# Struggling with Marriage and Mid-Life



## Tommy509 (Feb 11, 2011)

I’ll try to keep this concise. My wife and I have been married for 24 years. We have a 22 year old son and a 28 year old daughter who are out of the house. Our daughter is from my wife’s previous marriage and this is my first marriage. My wife is six years older than me, and the decision to marry was a difficult one. My wife was recently divorced and we dated for two years, during which I quickly took on the father role for our daughter. I knew that my wife and I had very different personalities (introvert/extrovert, different sense of humor, intelligence, etc) and a long term relationship would be a challenge. In addition, I knew that the age difference could bother me later in life and was concerned about that.
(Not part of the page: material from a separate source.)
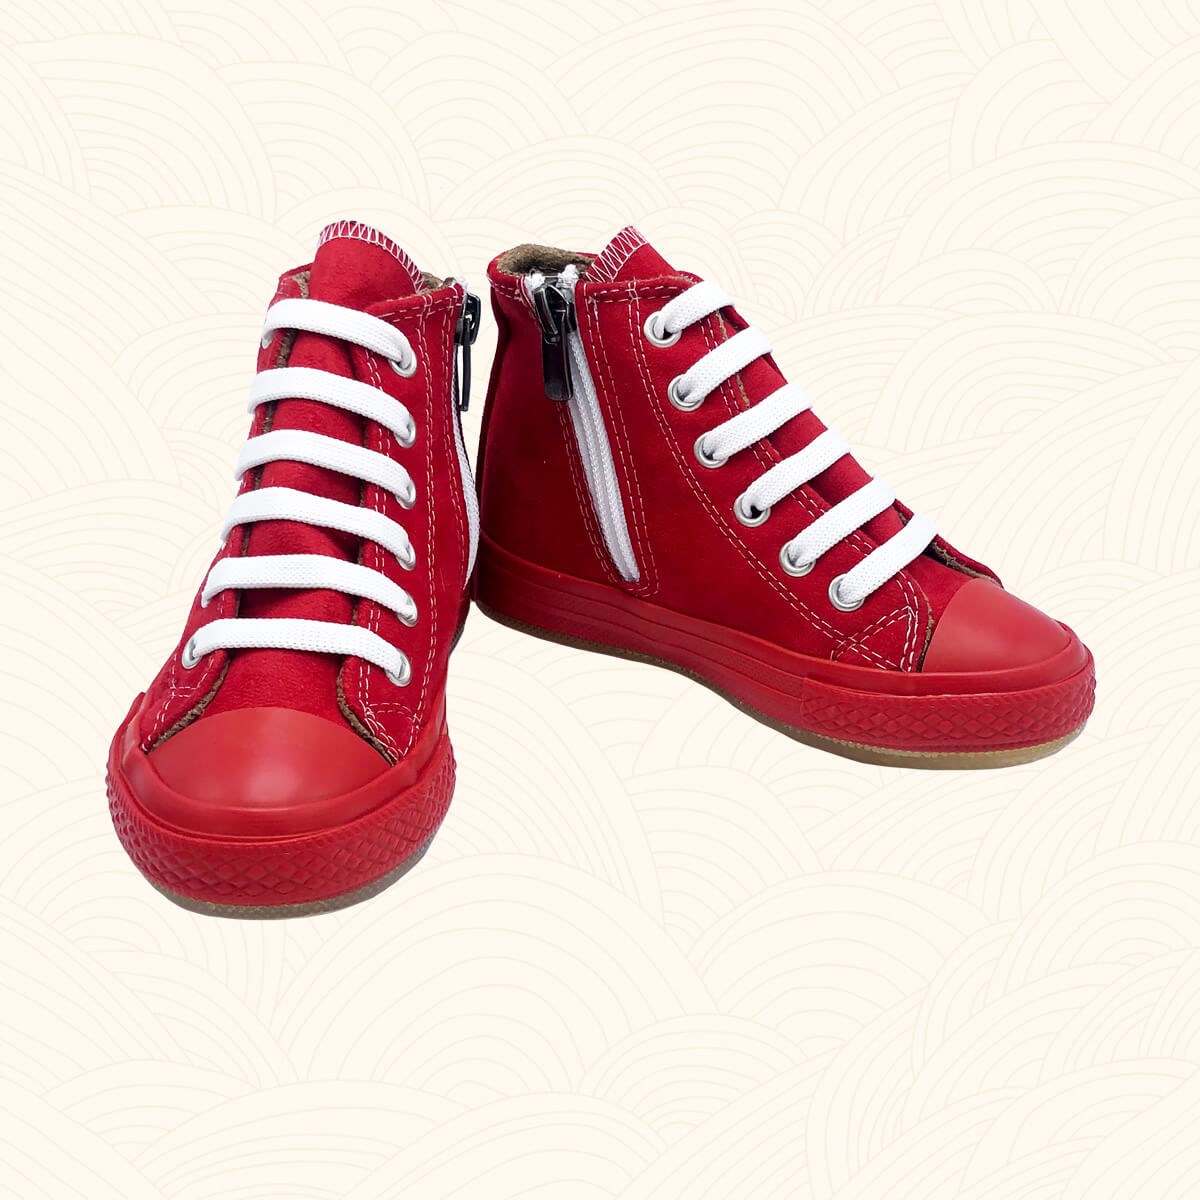 Kışlık Çocuk Spor Ayakkabı Killah - Kırmızı Renk 2141 | Lilbugga

I was in college at the time and had several years left to go as I was making a career change and got a late start. I fell in love with her daughter and couldn’t imagine anyone else raising her. I knew I had to make a choice. I tried breaking up once and she pulled me back, and six months later I decided that it made more sense at the time to get married so I pulled the trigger. We’ve had many good times over the years, but the difference in our personalities has been a challenge and is becoming a bigger issue now that the kids are gone and we’re spending more time together. I have a thirst for knowledge and love to debate, and she doesn’t like to read, prefers to watch sitcoms and hates to debate. She’s never seemed very intelligent to me (the other day she asked me if islands are “attached”, she thought that maybe they just floated) and I struggle with that. She does hold an executive position in a family business, so she is smart in a business way. In addition, she drinks almost every day (one or two at night) which seems to accentuate the former.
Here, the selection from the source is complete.